È stato presentato stamane, nella Chiesa di Sant’Oliva, a Cori, il libro “Mario Petrucci, un buttero di Maremma”, scritto dalla figlia Giovanna per rendere omaggio all’ultimo buttero cisternese in terra toscana.
Mario Petrucci, nato a Cisterna di Latina il 7 ottobre 1912, era figlio d’arte, nipote dei butteri Molinari, la famiglia della madre Gertrude, e figlio Francesco, massaro nell’azienda Graziosi nell’Agro Pontino, perciò imparò subito a domare i cavalli e ad affrontare i rischi di un mestiere durissimo, in cui bisognava cavarsela da soli, al più presto ed anche a spese della propria incolumità. Si narra che il mito di Mario Petrucci sia nato con il suo primo “infortunio sul lavoro”, quando a tre anni cadde dalla groppa di un asino che scalciava e scaraventato a terra si ruppe un braccio. A 13 anni, quando lavorava come buttero a mezza giornata, fu disarcionato da un indomabile puledro mentre lo montava e cadendo a terra sbatté la testa tramortito, ma tutto si risolse con un paio di giorni di riposo.
Dopo un periodo da “appressataro”, radunando a cavallo le vacche da mungere e conducendole entro la rimessa, quindicenne guadagnò il suo primo stipendio da vero buttero, dimostrano le sue capacità di abile domatore: in soli tre mesi trasformò il suo primo puledro da doma, Nobile, in un campione in sella al quale Mario vinse la prima corsa della sua vita. Nel ‘29, durante il trasferimento di una mandria da un’azienda ad un’altra, chiuso tra la recinzione ed un carro, venne caricato da un toro, che infilzò il cavallo sotto la pancia e prese lui sullo stivale, facendolo volare in aria e se per il cavallo non ci fu scampo, lui riuscì a salvarsi rifugiandosi sotto il carro.

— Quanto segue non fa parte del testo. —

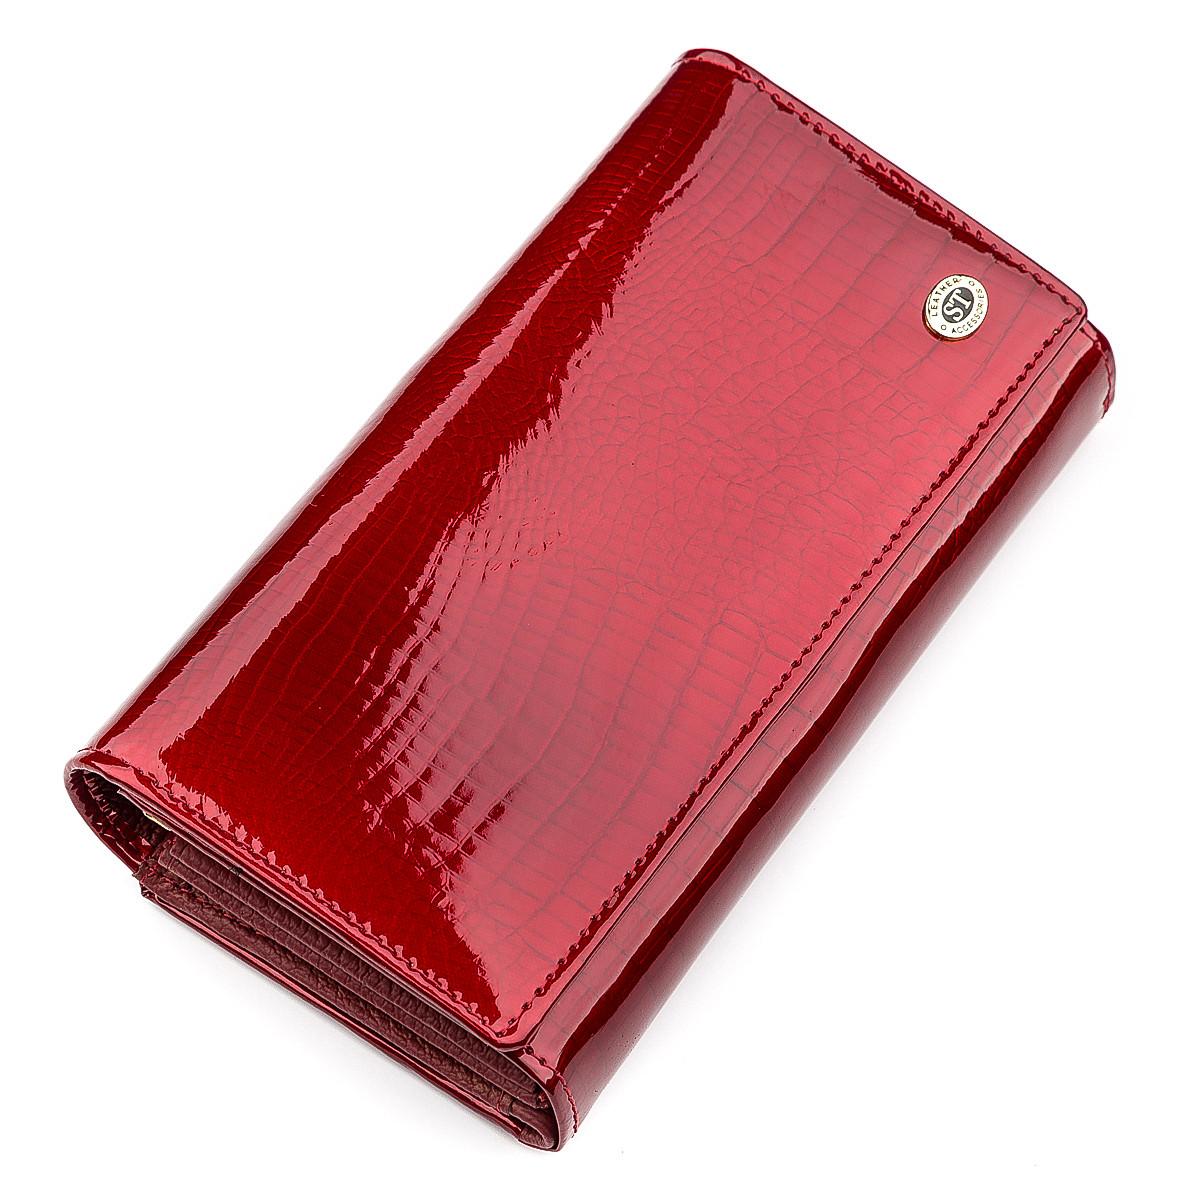 Кошелек женский ST Leather 18430 (S9001A) очень красивый Красный
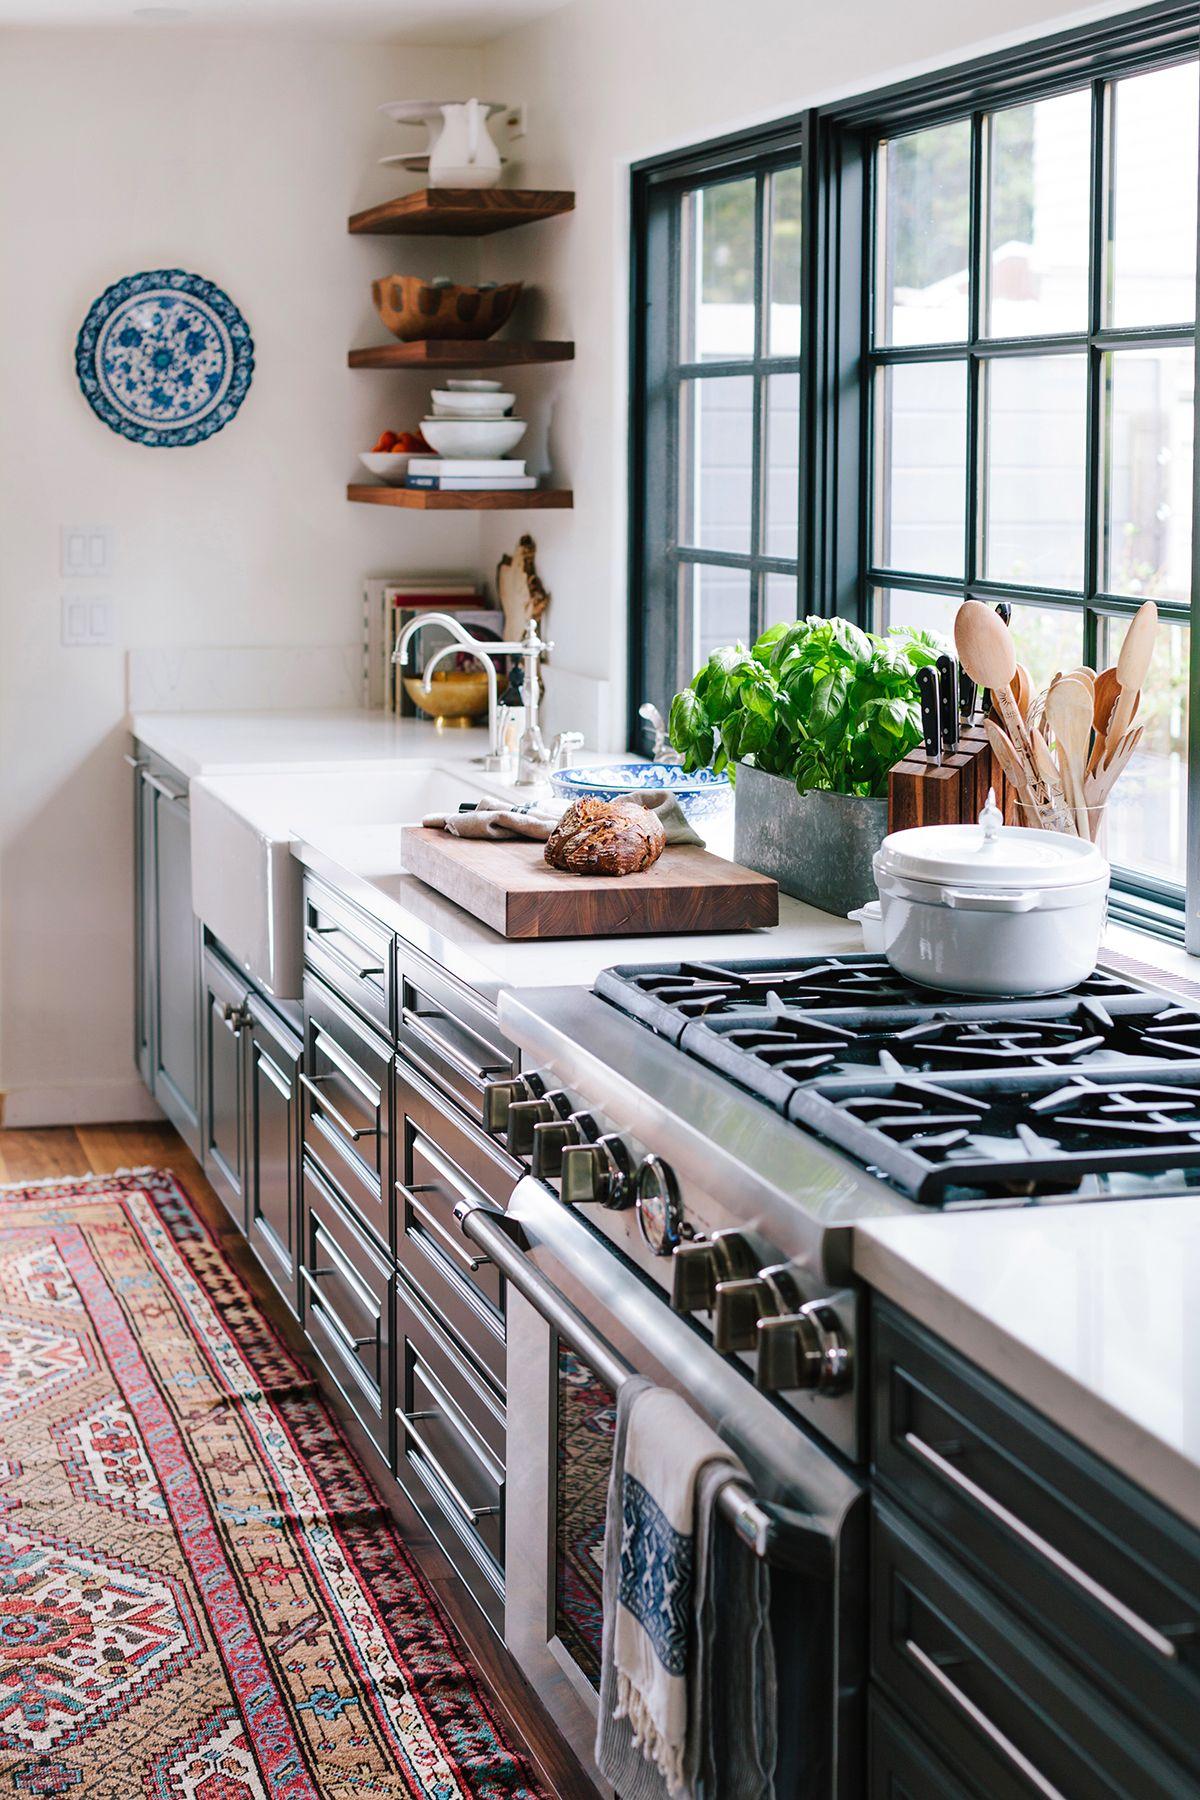 Finding The Right Antique Rug Arredamento Cucine E Interni

Nel 1932 Mario cominciò a lavorare all’Opera Nazionale Combattenti, l’ente che si occupava della bonifica delle aree paludose e due anni dopo seguì lo zio Mariano Molinari che con una nutrita mandria di vacche e cavalli si trasferì nell’ex tenuta granducale di Alberese, nel grossetano, dove Mario continuò a lavorare come buttero, perfezionando le sue grandi capacità di domatore, istruttore e selezionare di cavalli.
Ma il pericolo era sempre in agguato, come quando uno stallone lo disarcionò, lo prese per un polpaccio e lo trascinò per terra e solo lo sfilarsi fortunoso dello stivale gli permise di uscirne vivo. Nel ’38 invece, durante un trasporto di manze in Albania, fu protagonista di un’altra avventura: giunto a Bari, prima dell’imbarco per Durazzo, durante lo scarico del bestiame dal treno, riuscì ad allacciare al volo per le corna con un cappio una manza, evitando che rovinasse in mare, tra la banchina del porto e la nave.
Nel 1942 sposò Alba Casarin e nacque la figlia Giovanna. Nel 1952 il fotografo Gori immortalò Petrucci mentre svolgeva il lavoro di buttero a cavallo in aperta campagna, un’immagine che fece il giro del mondo diventando l’icona dell’epopea dei butteri in Maremma. Petrucci inoltre non perdeva occasione per dimostrare la sue destrezza, come nel ‘47 a Verona quando salì e scese col cavallo tutti i gradini dell’Arena; oppure quando a Bari, in uno spettacolo serale, fece entusiasmare il pubblico ridendo mentre rimaneva incollato alla sella della sua cavalla Ortica che compiva vorticose evoluzioni.
Nel 1977 Mario andò in pensione ma non abbandonò la doma dei puledri, dedicandosi all’insegnamento del suo mestiere alle nuove generazioni di butteri ancora inesperti. Morì il 19 marzo 2005, all’età di 93 anni, e riposa nel piccolo cimitero di Val di Loreto ai piedi dei monti dell’Uccellina, vicino all’Alberese. Nonostante un fisico piuttosto minuto, Mario Petrucci è stato un grande buttero e tante sono le sue imprese ancora ricordate e tramandate nella maremma toscana. Tutt’oggi egli rappresenta il prestigio e l’abilità del buttero italiano nel mondo e costituisce la diretta prosecuzione delle tradizioni e della cultura del buttero cisternese trapiantato in terra toscana. La sua divisa, la sella e varie attrezzature da lavoro sono state donate alla sua amata Cisterna ed esposte nel Museo del Buttero a Palazzo Caetani.